Policy Optimization: Agents update their policies using a gradient that combines the centralized critic signal and the sequential score regularization:
$\nabla_{\theta_i} L_i = \mathbb{E} \left[ \nabla_{a_i} Q_{tot}(s, a) + \frac{1}{\beta} \nabla_{a_i} \log \mu_i(a_i | s, a_{<i}) \right] \nabla_{\theta_i} \pi_{\theta_i}$
- Sequential Conditioning: During the update of agent $i$ , the prefix actions $a_{<i}$ are sampled from the most recently updated policies of agents $1$ to $i-1$ within the same iteration.
- Execution: Despite the sequential update during training, execution remains fully decentralized. Each agent acts based on its local observation, as the sequential dependency is only used to guide the learning direction (score regularization) and not to generate actions at runtime.
- Efficiency: The method uses deterministic DiLac policies for prefix actions to avoid noise amplification and does not require iterative denoising sampling during execution, avoiding the high inference costs typical of diffusion-based actors.

3. Key Contributions

Identification of the Root Cause: The paper identifies the multimodal nature of offline joint behavior distributions and the failure of independent marginal factorization (leading to Combinatorial Mode Shift) as the primary cause of coordination failure in offline MARL.
OMSD Algorithm: The development of a novel framework that sequentially decomposes behavior policies and utilizes diffusion-based conditional scores as behavior regularizers. This approach promotes coordinated mode selection without modeling the full joint policy or relying on a centralized planner.
State-of-the-Art Performance: Extensive experiments demonstrate that OMSD consistently outperforms existing methods, particularly in challenging multimodal scenarios (e.g., medium-quality datasets).

4. Experimental Results

The authors evaluated OMSD on:

Toy Bandit Example: A 2-agent cooperative task with two optimal modes. OMSD achieved performance comparable to joint action learning (BRPO-JAL) and significantly outperformed independent learning (BRPO-IND) and naive CTDE methods, which failed to avoid OOD joint actions.
Multi-Agent Particle Environment (MPE): Tasks including Cooperative Navigation, Predator Prey, and World. OMSD achieved the best or second-best scores across Expert, Medium, and Random datasets. Notably, on "Medium" and "Random" datasets where multimodality is pronounced, OMSD showed significant gains (e.g., +70.6% on Predator Prey Random).
MaMuJoCo: High-dimensional continuous control tasks involving robot parts acting as agents (e.g., HalfCheetah, Ant). OMSD outperformed baselines like MA-CQL, CFCQL, MADiff, and DoF, especially on mixed-quality datasets (e.g., +73.9% average improvement over the strongest baseline on OMIGA datasets).

Ablation Studies:

Score Decomposition: OMSD consistently outperformed variants using independent factorization (BRPO-IND, BRPO-CTDE), confirming the necessity of sequential conditioning.
Order Sensitivity: The method was found to be robust to the order of agent updates, suggesting the sequential structure acts as a training-time coordination mechanism rather than a rigid inductive bias.
Density Estimators: Diffusion models outperformed simpler estimators (GMMs, Normalizing Flows) in capturing complex multimodal structures, particularly on expert and medium datasets.

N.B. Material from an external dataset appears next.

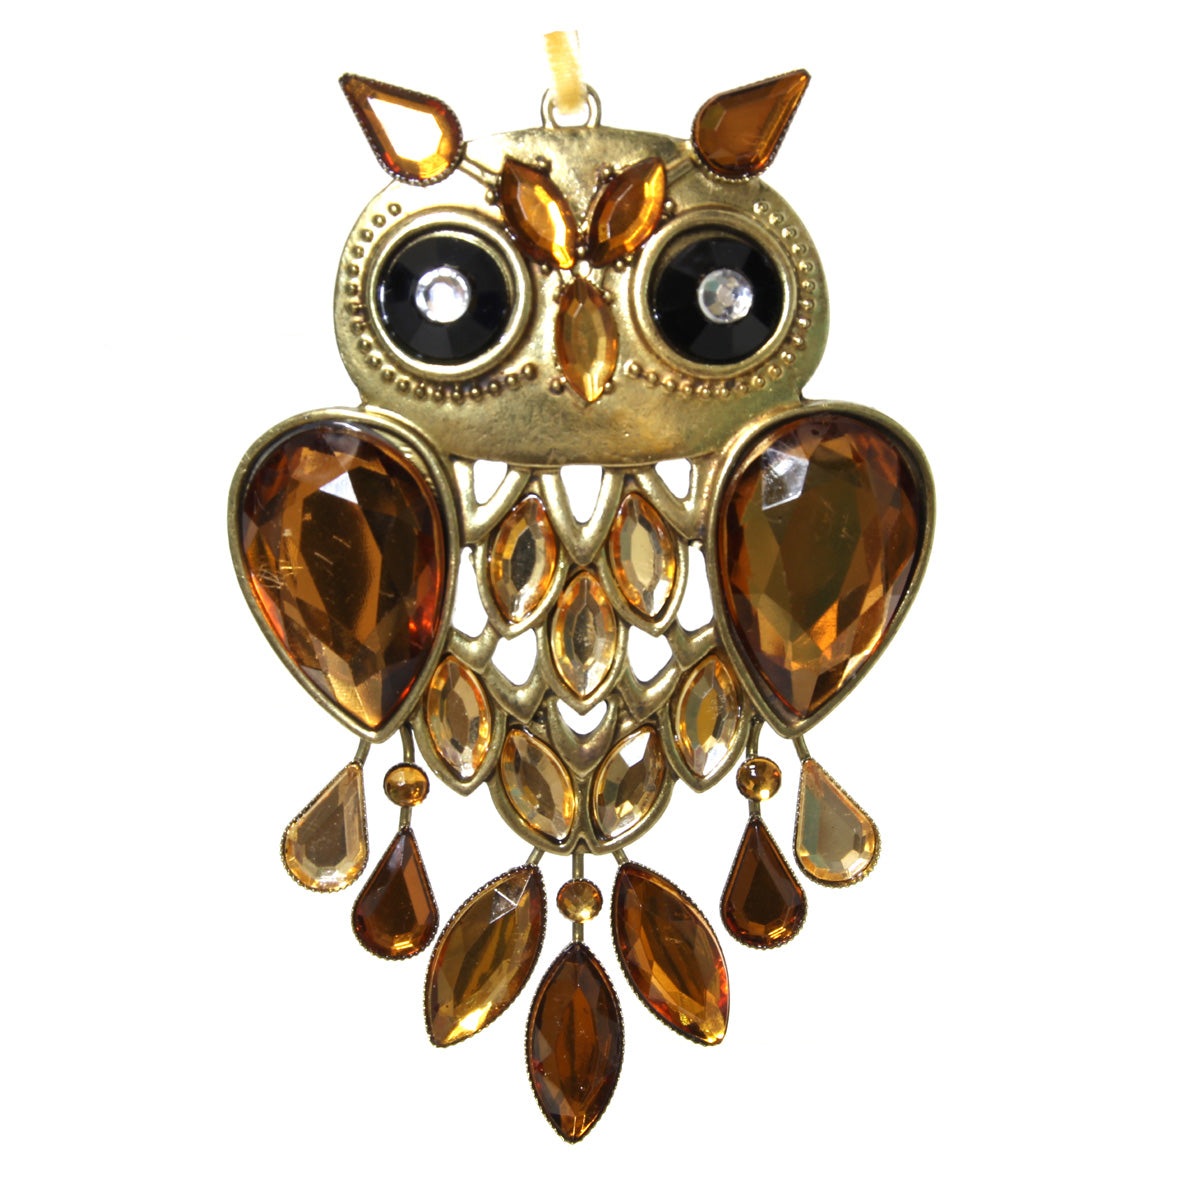 Acrylic Owl Ornament

5. Significance and Claims

The paper claims that modality-aware coordination is essential for robust offline MARL. By leveraging sequential score decomposition, OMSD successfully aligns policy updates with the true joint behavior distribution, avoiding the distribution shift caused by independent regularization.

The authors emphasize that their approach:

Avoids OOD Joint Actions: By conditioning on prefix actions, agents are guided toward high-value, in-distribution regions.
Maintains Decentralized Execution: Unlike methods requiring centralized planning or sequential execution at runtime, OMSD agents act independently during deployment.
Scalability: The pretraining of conditional score models is fully parallelizable across agents, making the method suitable for larger teams.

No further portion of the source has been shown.